Given material:
:::::
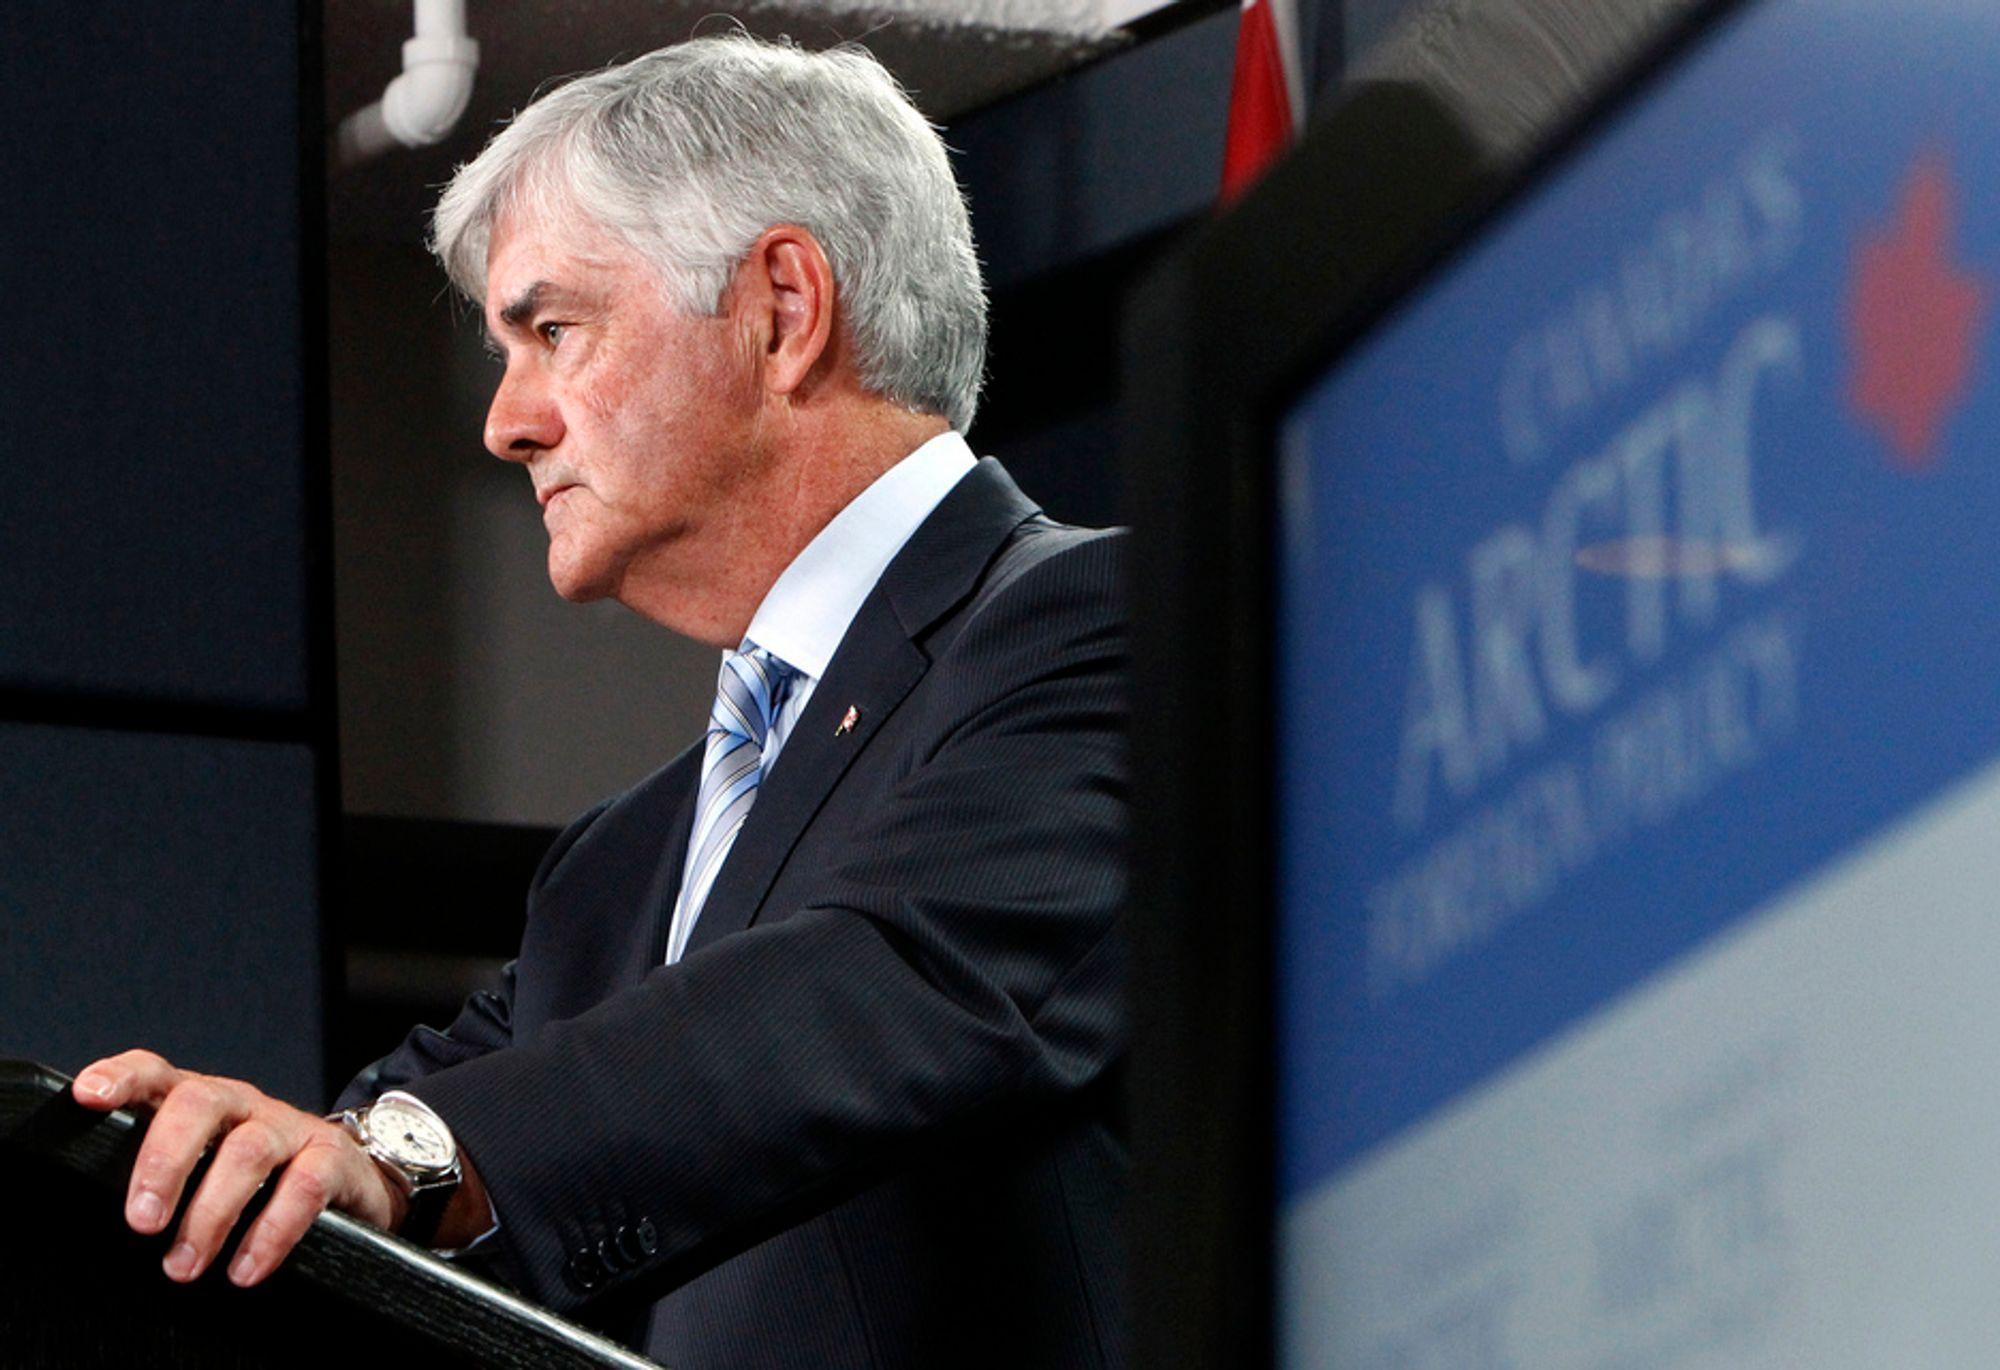 STABILITET: Canadas utenriksminister Lawrence Cannon ble briefet om avtalen om delelinjen i Barentshavet av Jonas Gahr Støre, og gratulerer Norge med en avtale som vil bringe stabilitet til området.
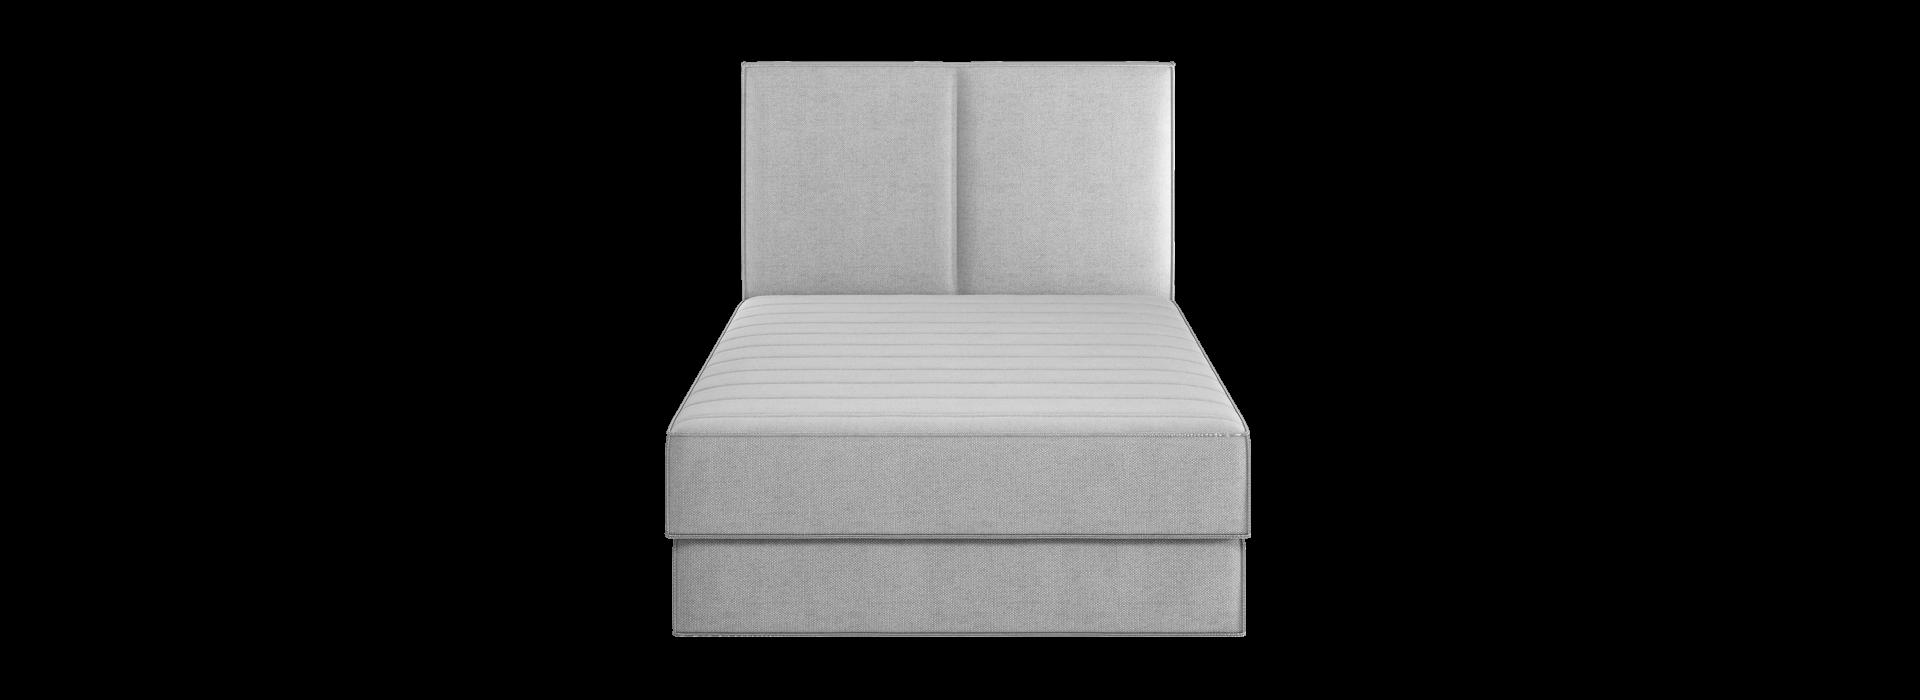 Фрея 1.2 ліжко з підйомником - маска 7
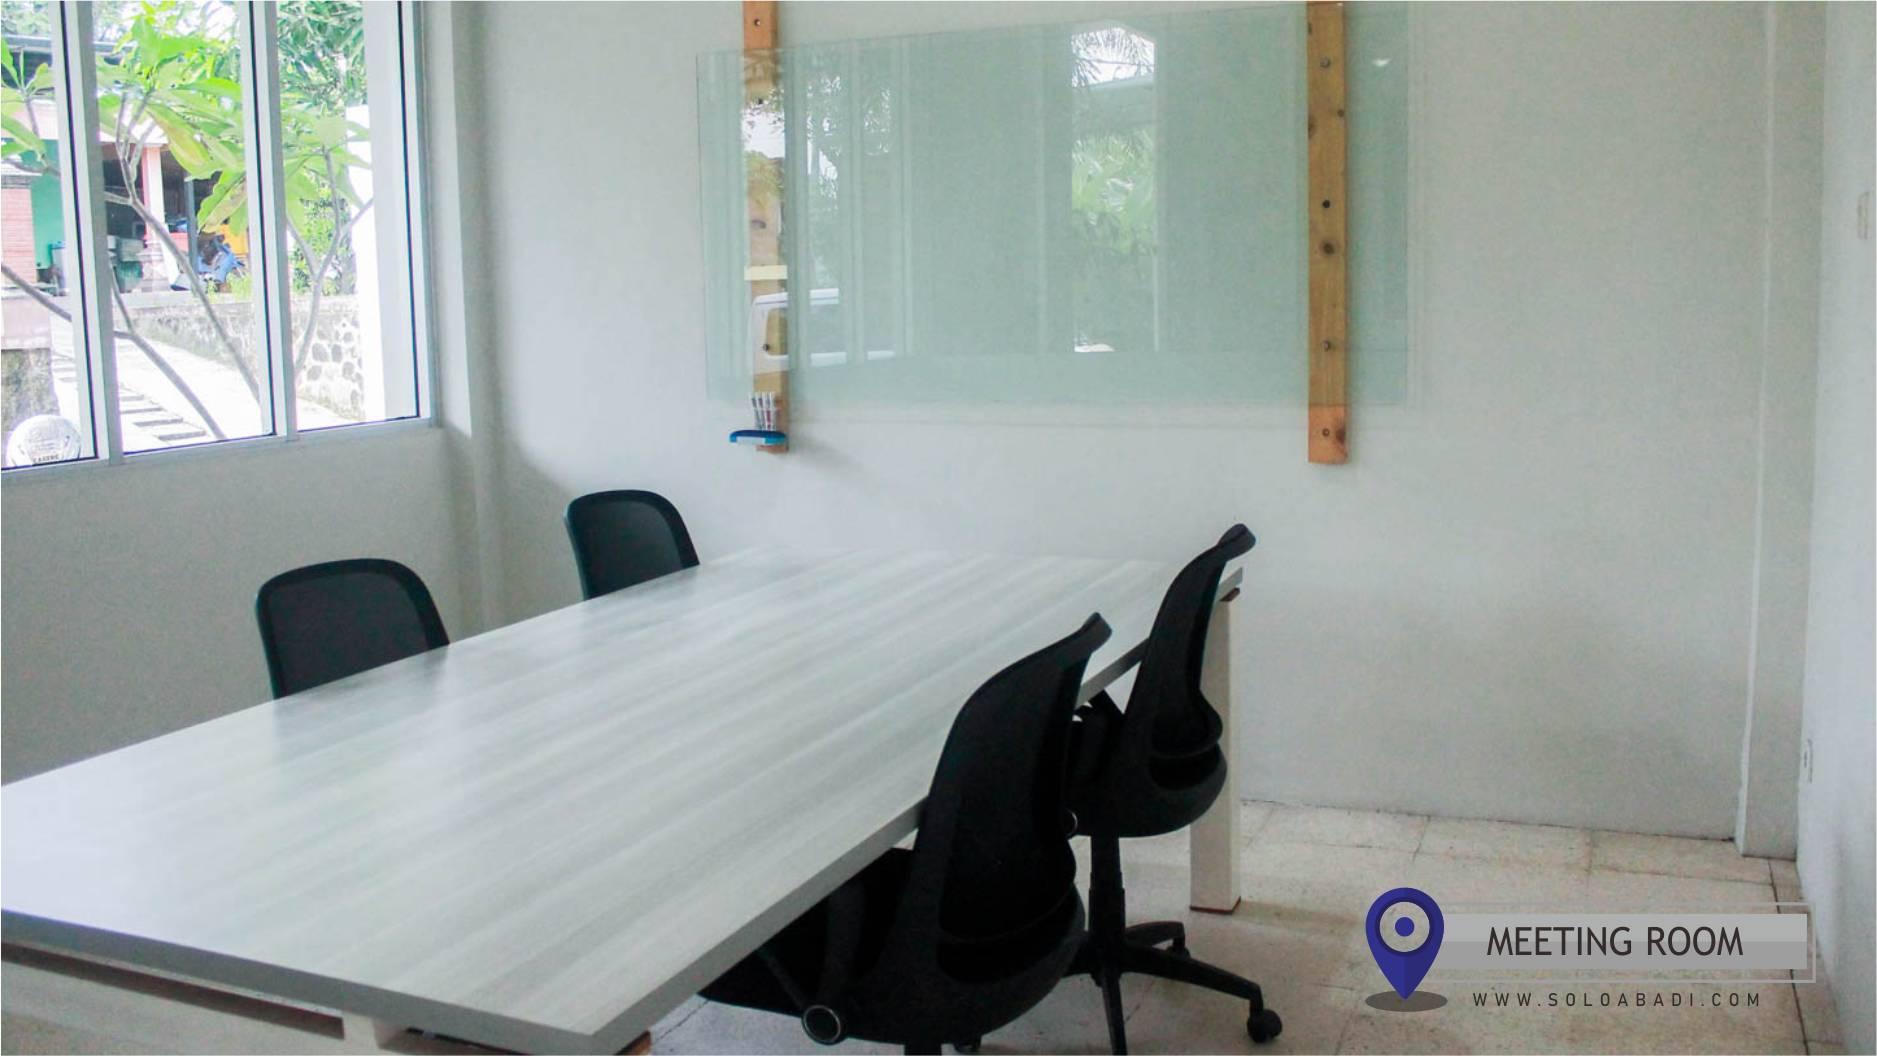 Meeting Room Solo Abadi untuk berbincang dengan tamu
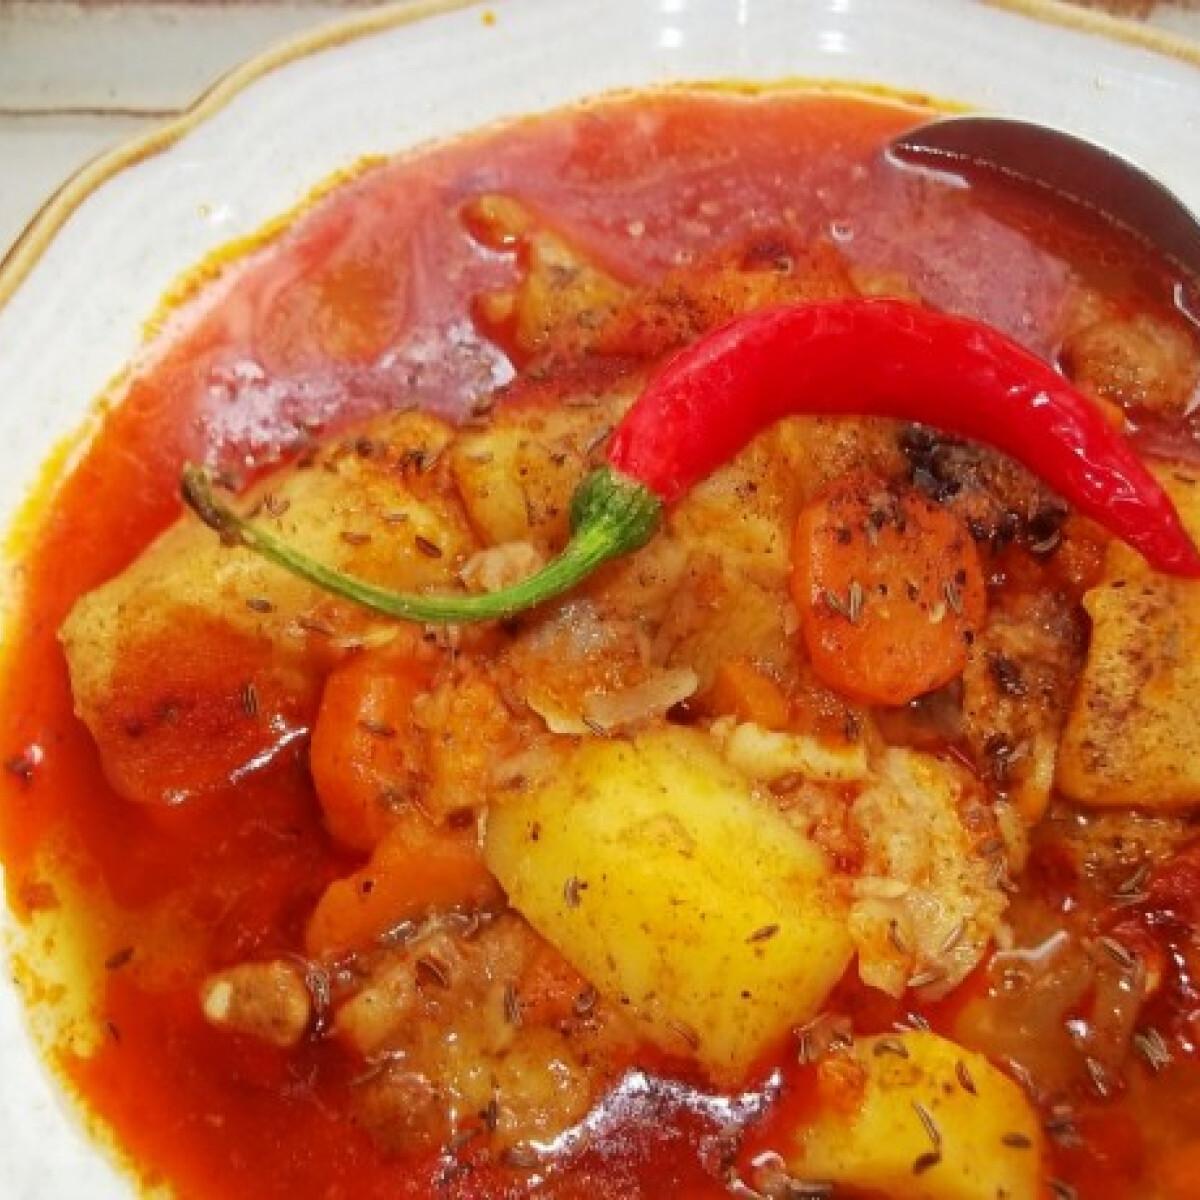 Ezen a képen: Vörösboros gulyásleves marhahúsból sok chilivel, tejfölösen
:::::
Exercise:
Restate word for word the lines from the one with "Meeting Room Solo" to the end of the material, both included. Do not include the pictures.

Output below:
 Meeting Room Solo Abadi untuk berbincang dengan tamu
 Ezen a képen: Vörösboros gulyásleves marhahúsból sok chilivel, tejfölösen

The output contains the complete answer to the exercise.